Рассказы о Розе. Side A — страница 74 из 107

– Еще чего… Соборную библиотеку обворовывай, там есть обязательный экземпляр. Ну, ладно, она и вправду только вчера пришла по почте, два экземпляра, один я сразу закинул в библиотечные комнаты. Мне кажется, она сразу провалилась в загадочную книжную массу, и та ее переваривает… такой там нереальный срач, и пока Дэмьен в ней порядок будет наводить, можно что-то стащить, всё равно только я помню, что там есть, но проверять у меня руки не дойдут…. но вот завтра туда придет Оуэн, разберется, и – никаких «о, возьму-ка я подшивку «Плейбоя» за прошлый год, всё равно никто не заметит, что я подписал Собор на него…».

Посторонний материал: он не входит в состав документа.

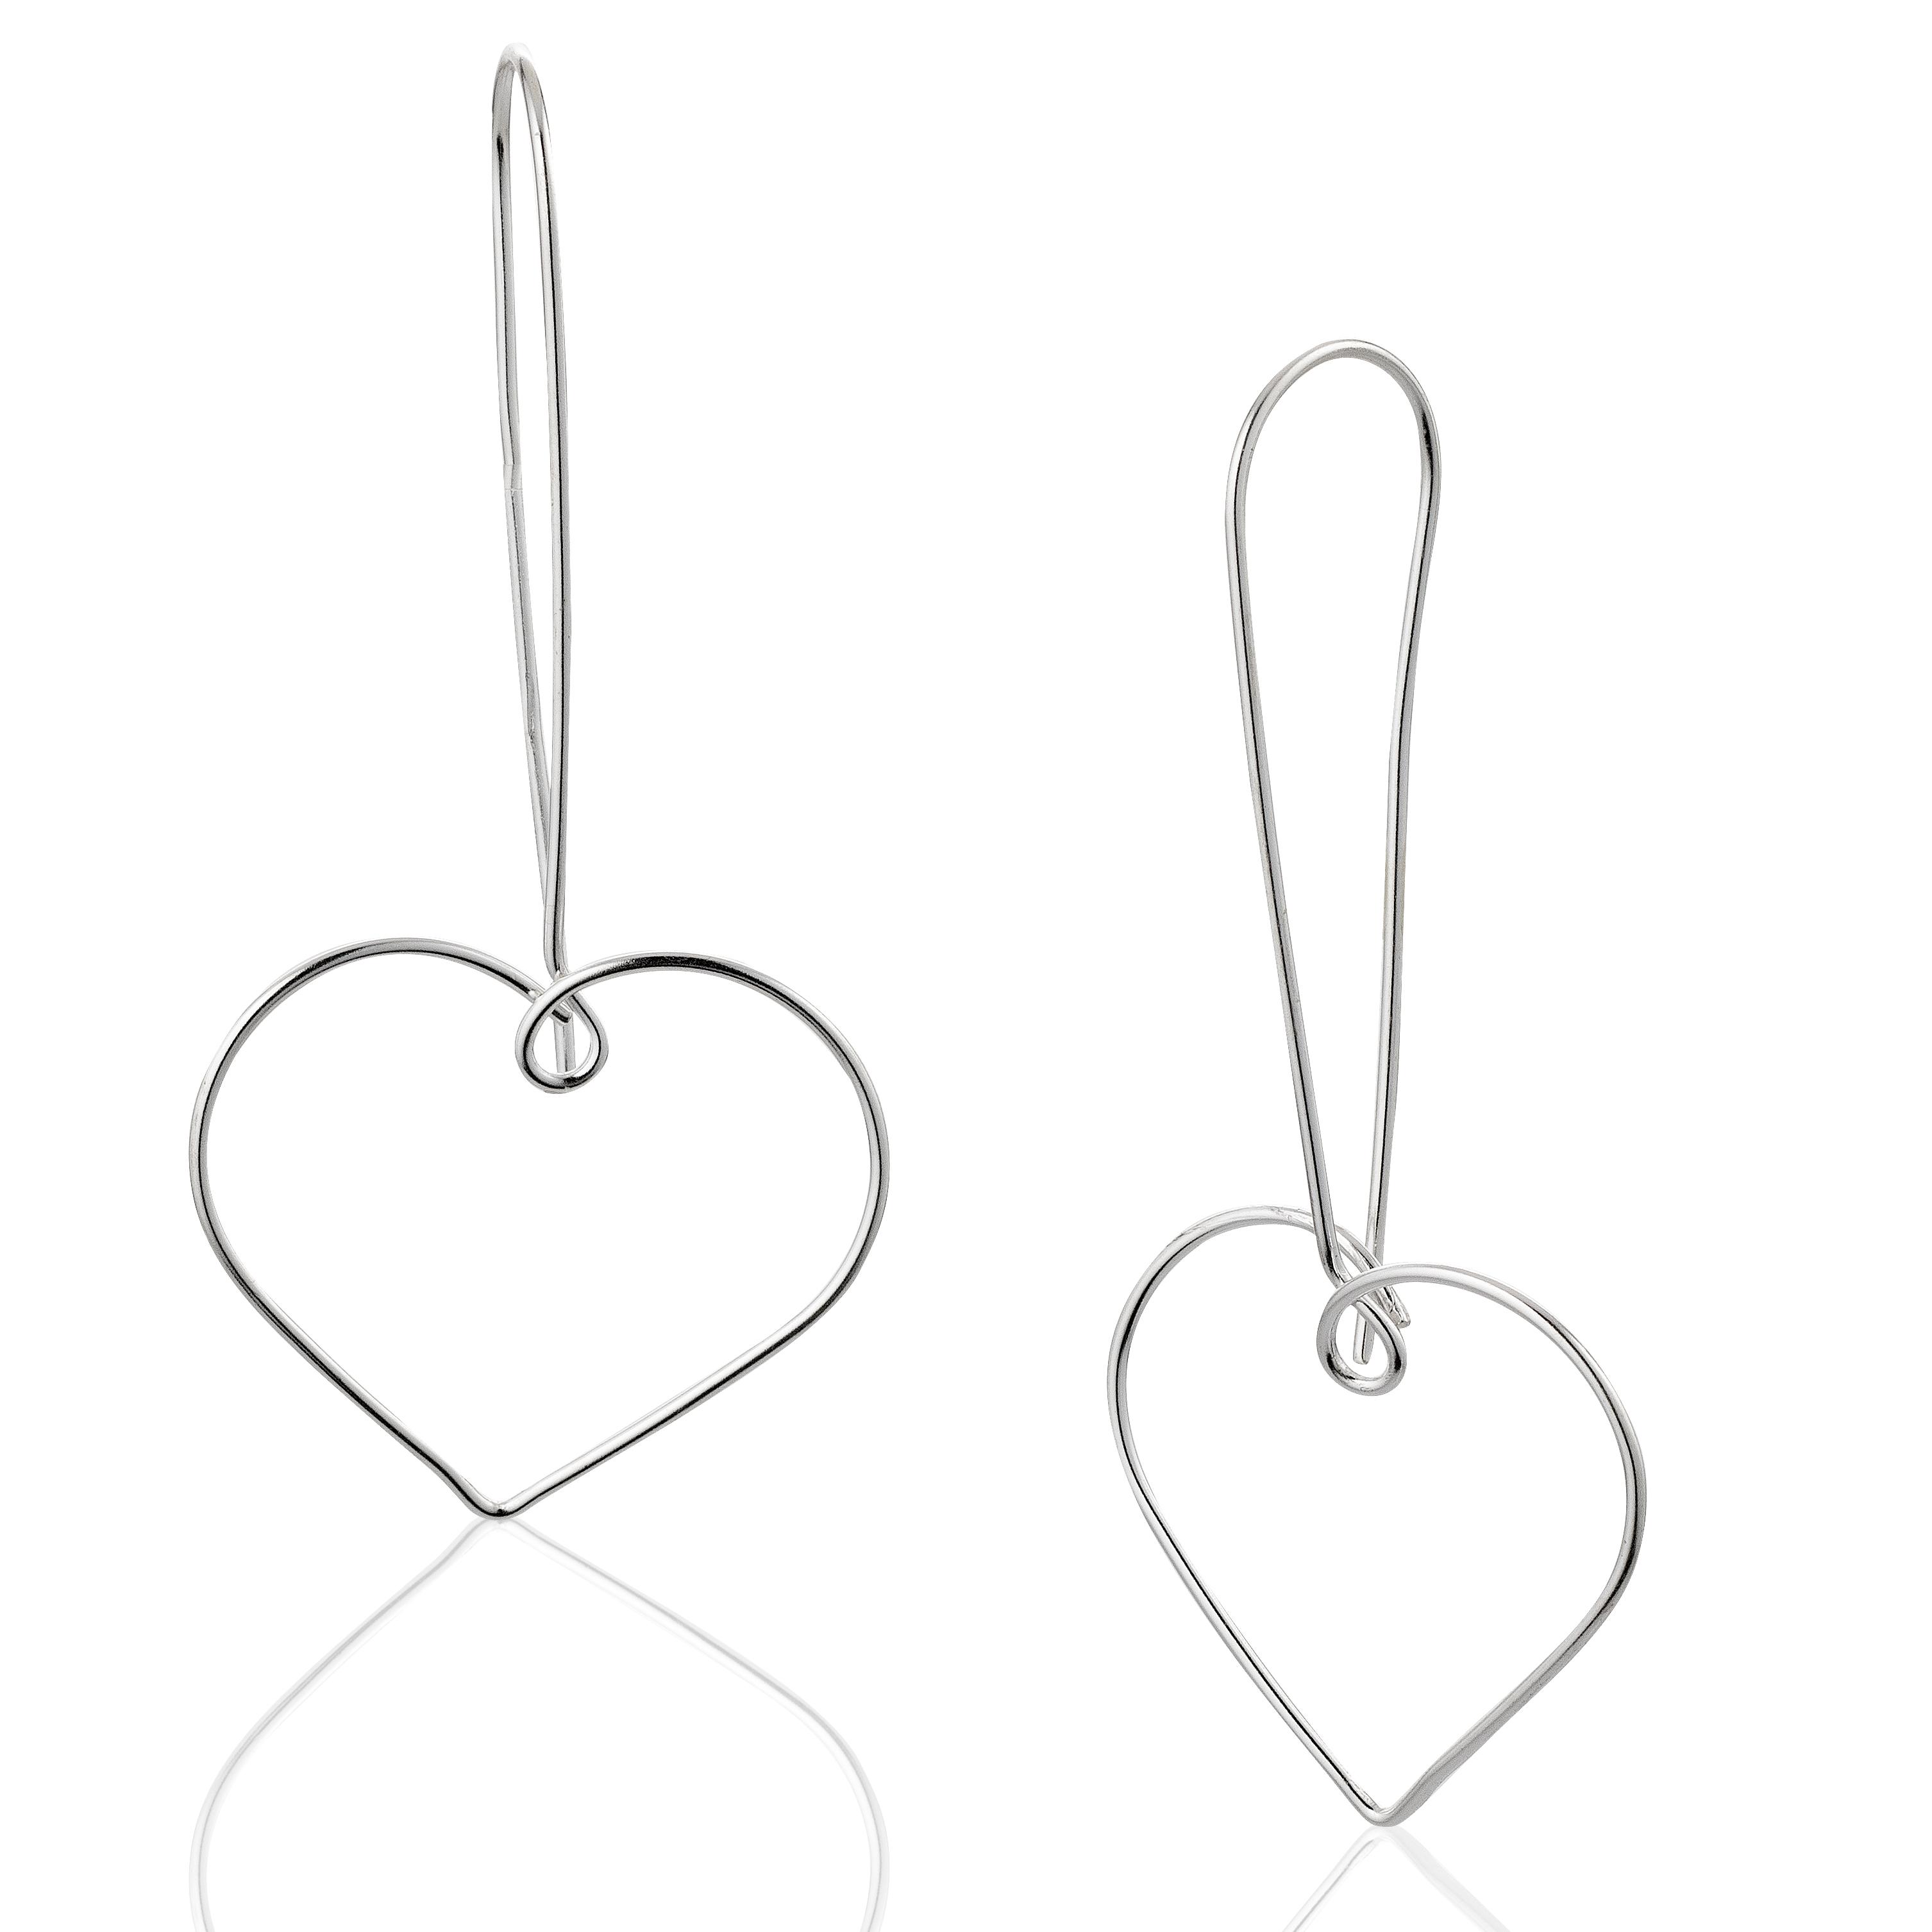 Pure Silver, Anti-Tarnish Thin Line Dangle Heart Earrings, Love Jewelry, Women, Teens, Girls

– У нас нет «Плейбоя», сумасшедший ты человек… у нас только официальные мещанские издания типа городской ежедневной газеты и «Мира цветов» для общества Святого Розария, они же все еще там цветочницы – представляешь, Оуэн, какое совпадение: все наши тетеньки-прихожанки – владелицы цветочных магазинчиков по Асвилю, цветочная католическая мафия. Но книга об Иисусе шикарная, без бэ; я, когда гуглил ее, устыдился, – ощущение, что ее читали все, кто интересуется католичеством и кино… не знаю… как «Богатый папа, умный папа» мечтающие о богатстве читают…

– Да, книга об Иисусе просто супер. Я был так горд за христианство, когда читал ее. Но если бы я писал книгу, – отец Декамп взял новую сигарету, вкрутил ее в мундштук и поднял мундштук к небу, будто призывая Маттиаса и Дэмьена в свидетели, – я бы написал о Дьяволе. О том, что он повсюду. Если бы я был Антихристом… выбирал бы, каким быть в мире, чтобы нравится, соблазнять, сбивать с толку, сводить с ума, я бы выбрал… ммм… да, Стивена Фрая. Идеальный Антихрист. Ну, я не утверждаю, что Стивен Фрай Антихрист, – отец Декамп засмеялся. – Это метафора. Я не фанатик, я слишком ленив для этого. Это чисто умозаключение. Я не храню для него или еще кого семь кинжалов, выкованных в Риме, под кроватью. Но я бы точно стал таким, будь я дьяволом: очаровательным, обворожительным, слегка обрюзгшим гомосексуалистом с кембриджским образованием, идеальным британским акцентом, актером и писателем, достоянием нации; пожилым красавцем с прекрасным чувством юмора, стал бы образцом прямо-таки собственного чувства юмора, и иконой стиля, фоткался бы в шикарных галстуках даже посреди пустыни. Писал бы книги о чем угодно, о всякой ерунде, как я люблю сладкое, как подростком угодил в каталажку, или про то, как выбирать пижамы, или про то, как я ездил по Скандинавии, – и книги бы расходились огромными тиражами… о, и я бы вел программу на национальном радио о классической музыке – непременно – классическая музыка по радио – это так старомодно – и никакого джаза…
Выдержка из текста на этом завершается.